Alessandra picks up. “I’m headed to you right now,” she says. “My new flight’s not until tomorrow. I got an Uber. You said you’re on the same block as St. Mary’s, right?”

  “What?” Amy says. “You hate it in the neighborhood. Don’t come here.”

  “Too late. I’m headed there. What’s your address?”

  “We can meet somewhere else.”

  “You okay?”

  “Things have been pretty crazy.”

  Alessandra drifts away from the phone, talking to her driver, telling him something he shouldn’t be doing. “I’ll be there in fifteen minutes,” Alessandra says.

  “Okay,” Amy says.

  Mr. Pezzolanti is waiting at the gate when she gets back to her apartment. She wasn’t expecting to see him again, and that casts a new sort of melancholy over their encounter. “Those batteries work out okay?” he says.

  “Great, Mr. P,” she says.

  “I just walked over to the dollar store and bought another pack. You need more, I’m your man.”
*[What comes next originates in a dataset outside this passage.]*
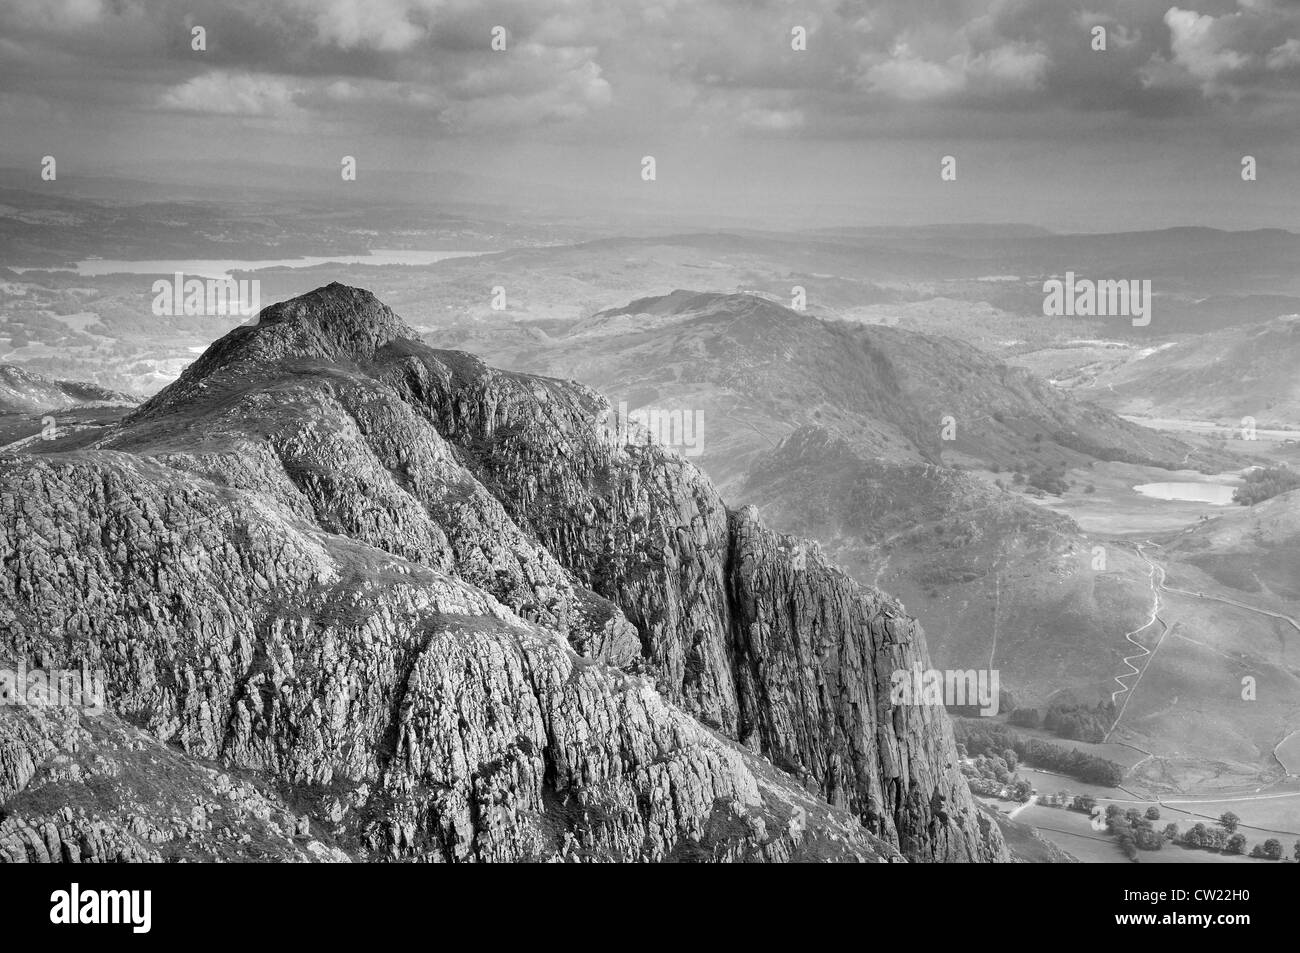 Image en noir et blanc de Loft Crag, partie de la chaîne des Langdale Pikes dans le Lake District. Prises de brochets de Stickle Banque D'Images

  She smiles and rushes into the apartment. She hurriedly unpacks some fresh clothes—blue denim capris, a Sourpuss Beki polka-dot top—and lays them out on the bed. She takes off the wig and the cap and plucks out the bobby pins. She gets undressed. There’s a faint smell of kush oil on her wrists still. She goes into the bathroom and turns on the shower. She imagines Dom squeezed in there. Her shower is hot and fast and feels good. She needed soap. She needed to feel clean. When she’s done, she towels off, finds a half-empty bottle of Listerine, and swishes some around in her mouth. She gets dressed and repacks her bag, making sure to stuff Alessandra’s Dodgers shirt and boy briefs in there, as well as the wig, wig cap, and bobby pins. She puts on a little makeup. Nothing fancy.

  Stacked on top of the clothes in the backpack is the Priority Mail envelope. She thumbs through the five thousand dollars, as if to make sure it’s absolutely real. A payoff, that’s what it is. Now she’s got real blood on her hands. She wonders if she should’ve asked for more. She waits for Alessandra, her body racked with anxiety.

  Fifteen minutes was what she said. It’s already been more than twenty. Maybe they hit traffic on the BQE or Belt.